The Future of XR According to Hugo Swart, Qualcomm

Qualcomm VP tells us about the promising next wave of headsets

This article is the second in a two-part series about our recent interview with Hugo Swart. The first blog, which looks at Qualcomm’s approach to extended reality, can be found here. In this piece, we look at some of the critical questions facing this market as it looks to the future.

The extended reality (XR) market has enjoyed success recently, but the focus is always on what comes next. I expect the answer to that question to be slimmer, lighter and more powerful devices that will run richer content, delivering powerful and immersive experiences for users. Naturally, there are many hurdles to overcome to make this a reality, and I was keen to put some of the questions about the hardware of the future to Hugo Swart, vice president and general manager of Qualcomm’s XR business.

One of the biggest challenges to the progress of XR is the processing requirements for visually rich content. As games, video and other emerging formats develop, they will need more computing power. However, this runs directly against the goal to make virtual and augmented reality (VR and AR) headsets smaller, as more power demands more space on a device. It’s a conundrum that the industry is working hard to solve, and I was eager to hear Hugo’s perspective.

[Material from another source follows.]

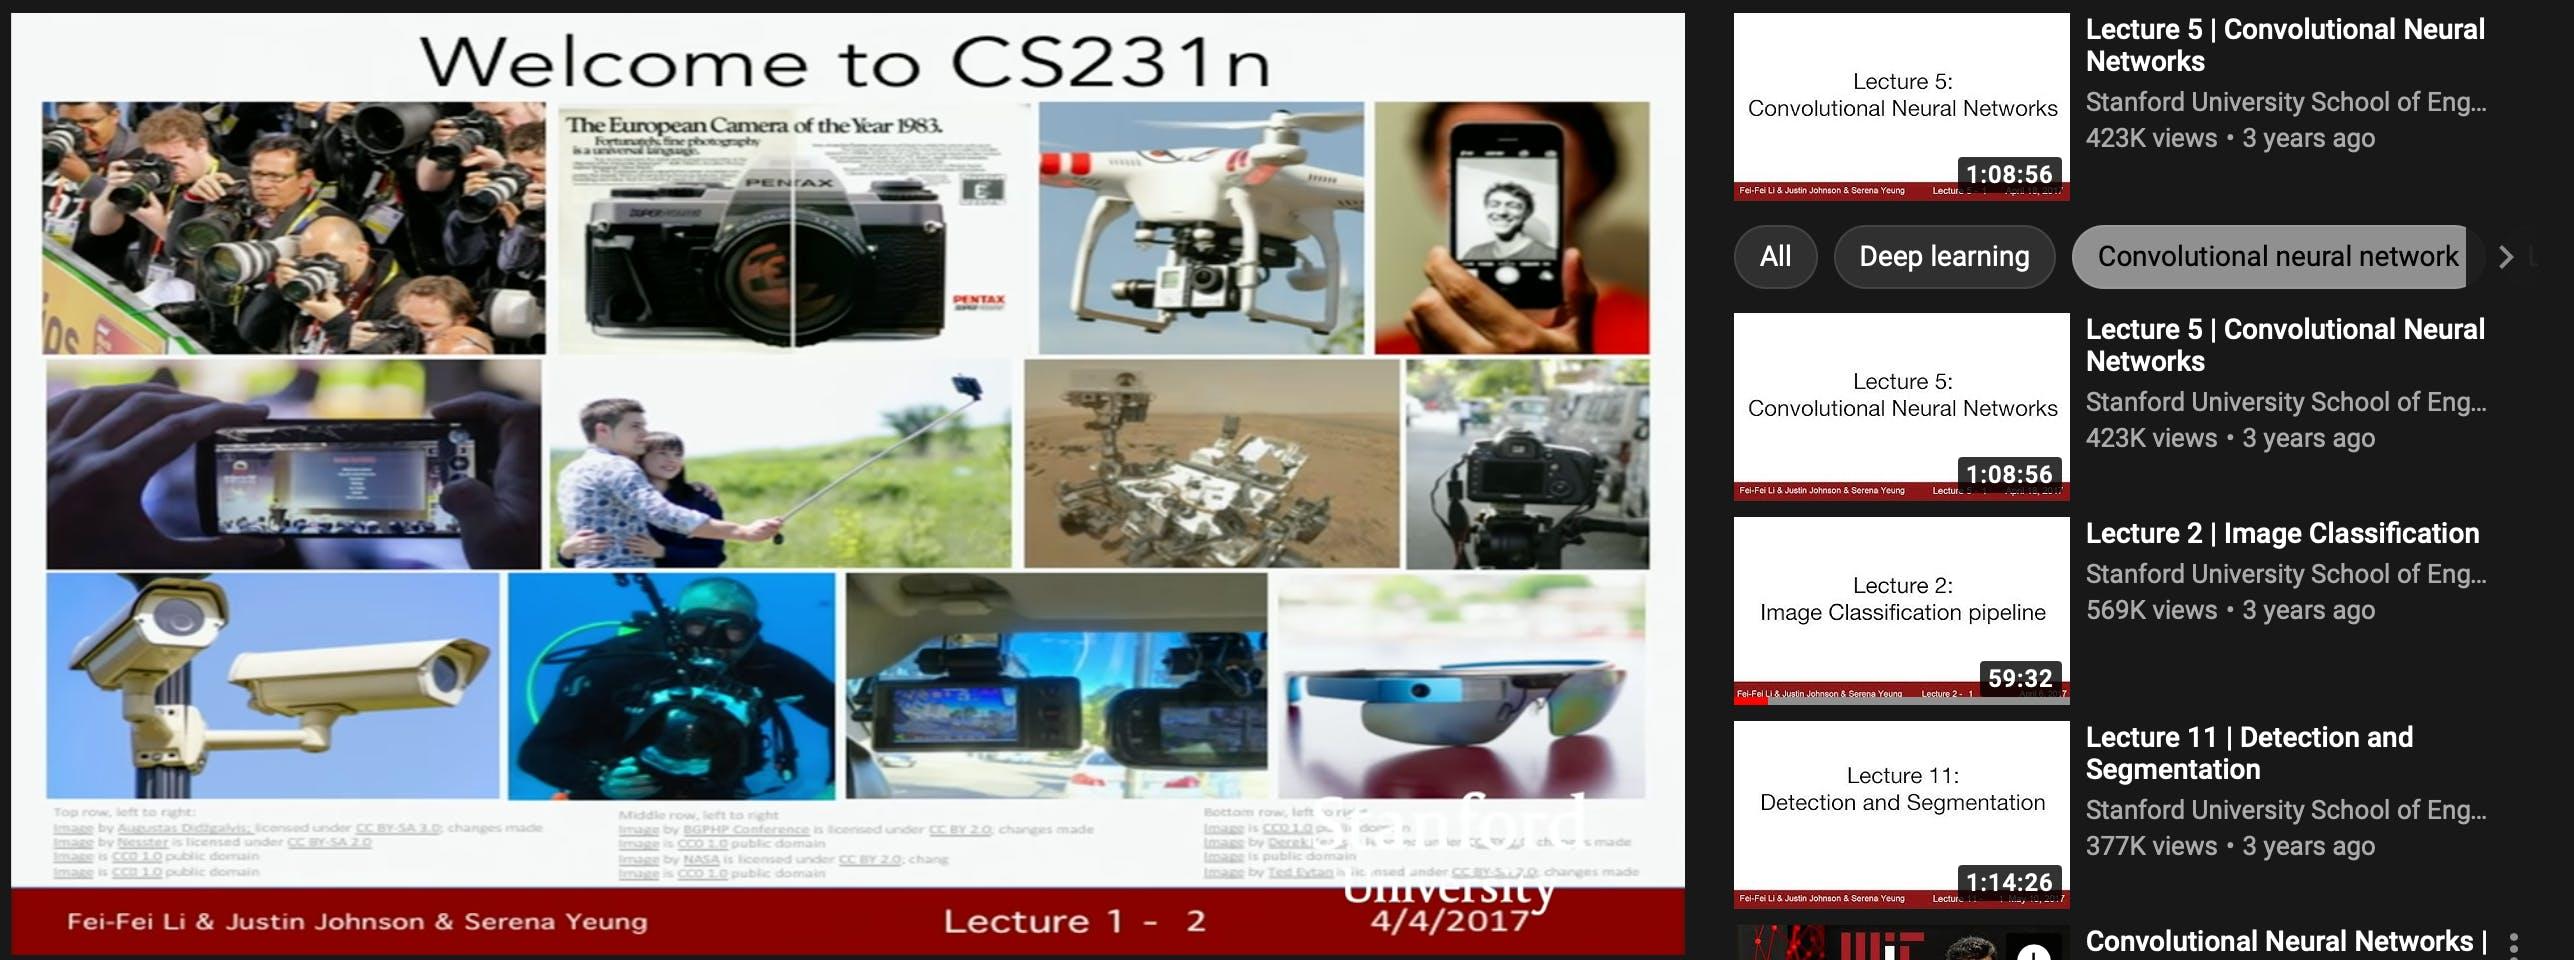 Screen Shot 2020-12-20 at 12.12.37 PM.png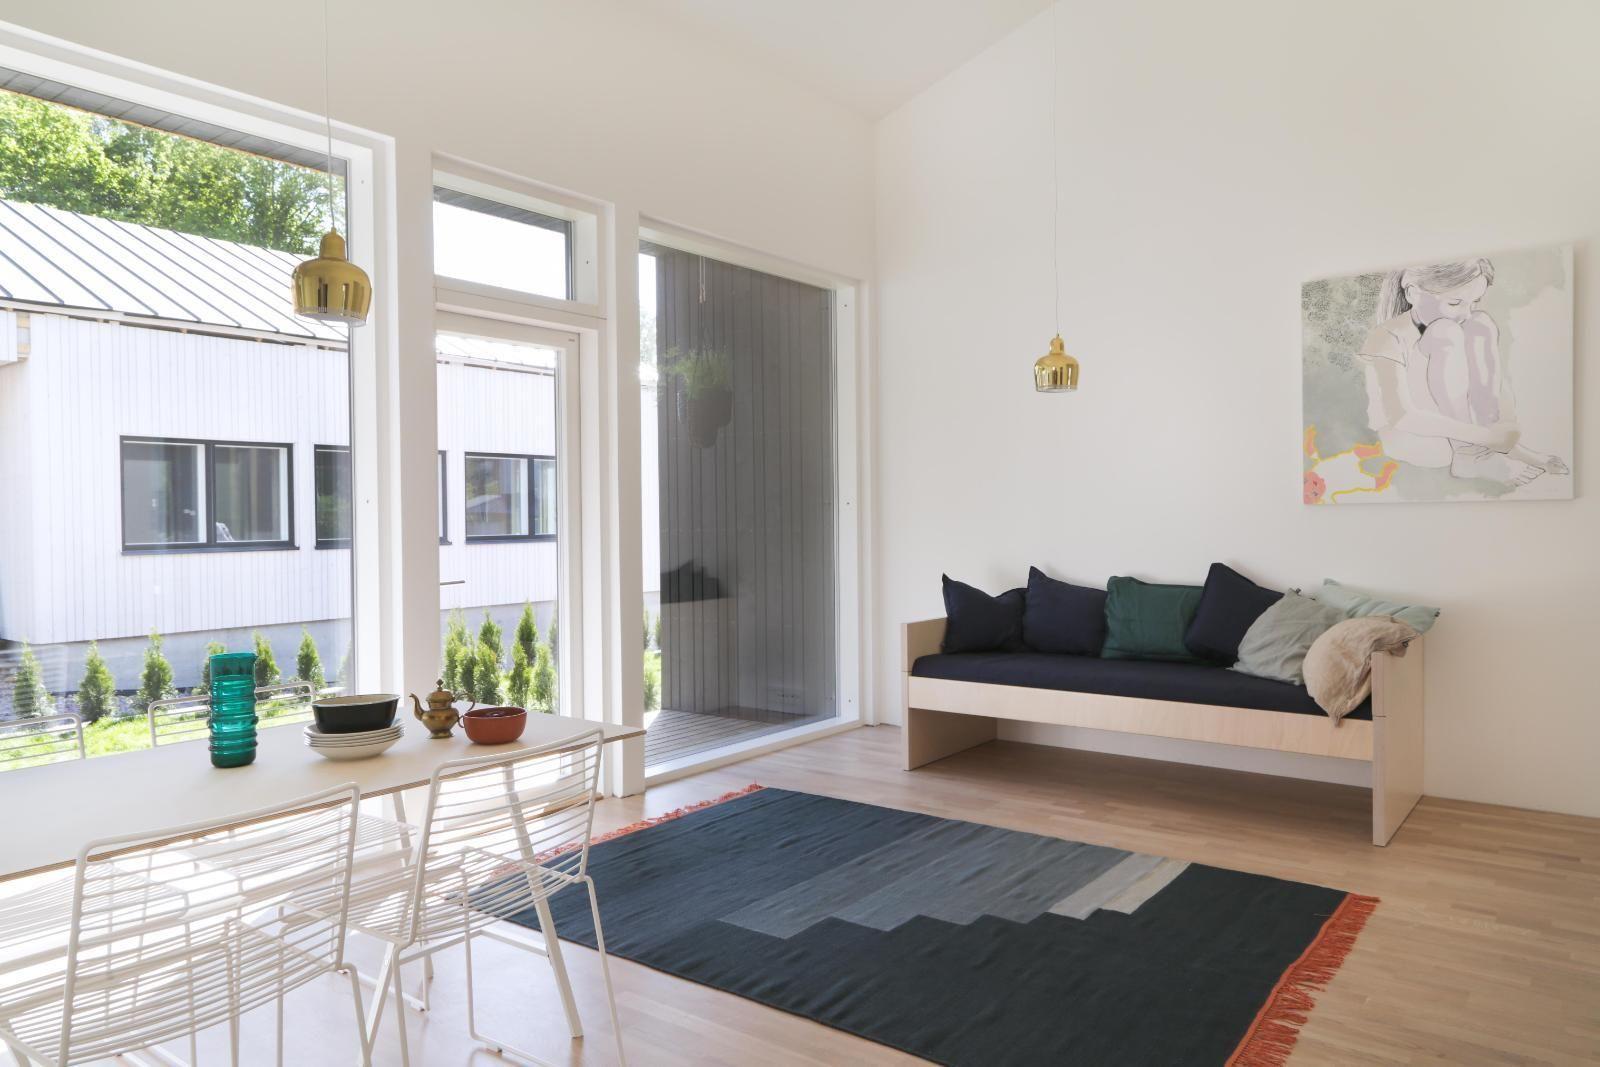 Tässä uudessa paritalokodissa keittiö, ruokailutila ja olohuone muodostavat yhtenäisen oleskelutilan.

“In any VR or AR headset, you have a limitation on how much power you can dissipate,” Hugo says. “But for some of these new XR experiences, I will need even more power than we need now. And that’s where I think that distributed processing will become imperative. The headset will always do some of the work. The phone can do some rendering. And the cloud is going to play a part too. When this comes together, you can do it dynamically.”

He continues, “This means, depending on how much power or battery I have on the device, the connection quality, latency and so forth, I can dynamically adjust. But this isn’t easy to solve, and it’s going to take some time to do.”

Undoubtedly, split processing will play a critical role, and Hugo expects that services will split between multiple devices, which will work together, with better interoperability.

“Think about your smartwatch, your smart glasses, your phone, your PC — it’s a constellation of devices, and the services you use will move around, depending on what device you have at any given moment.”

In particular, he sees interoperability between watch and headset playing an important role — a tactic we’ve already seen Facebook use in its work toward XR experiences of the future (CCS Insight customers can read our take on this here).

Focussing specifically on forms of headsets, Hugo believes there are four possible paths for AR products. The first is all-in-one or standalone devices, like Microsoft’s HoloLens; the second is XR viewers, which balance design and capability requirements by tethering to host devices; the third is simpler smart glasses that use a heads-up display rather than offering a true AR experience; and finally, high-performance VR headsets with passthrough capabilities, which Qualcomm refers to as mixed reality devices.

But it’s not a case of investing in one type of design and hoping it wins. “I think the four will develop in parallel. I don’t think we’re going to see one kill the others, although we may see things start to converge over time”, notes Hugo, making the point that different device types will excel in certain locations. For example, mixed reality experiences are likely to be for indoor use, as these devices will remain bulky. Similarly, I’d argue that different types of content will work best on different devices, and this means that multiple designs will be extremely important.

When it comes to supporting this new content, Qualcomm is actively focussing on tackling problems like simultaneous localization and mapping, or SLAM, to help the whole network of devices and services build even more immersive XR experiences. As the industry looks to entice new customers to the XR fold, they must focus on offering experiences beyond gaming. For example, fitness is emerging as a core application, as our recent VR consumer survey found, and well-being looks set to be a broader area of interest, with experiences like mindfulness and meditation.

Education is another area where Hugo thinks more can be done — and not just in the classroom.

“Think about the kind of things where you can place yourself in a different environment,” he suggests. “For example, if I need to learn how to speak Mandarin, or I want to improve at public speaking. I can practise in front of virtual people or characters, so I can get more comfortable.”

This is where I think we should be most excited about the future of XR. The possible uses extend well beyond those available right now, and we’re only going to see better applications for the technology develop over time. As VR and AR devices continue to get better and gain more popularity, the number of users will grow, more developers will come on board, and I’m certain that we’ll see a powerful flywheel of hardware and software that will lift the technology to new heights.

The XR market is already developing apace thanks to the efforts of companies like Qualcomm, and although we may still be some years away from a pair of smart glasses that look no different from normal eyewear, the journey to that goal is clearer than ever. Yes, there are some challenges to overcome, but the sense of progress is there, with new devices and content launching more and more regularly. With XR devices continuing to push the boundaries and exciting content on the horizon, I can’t wait to see what comes next.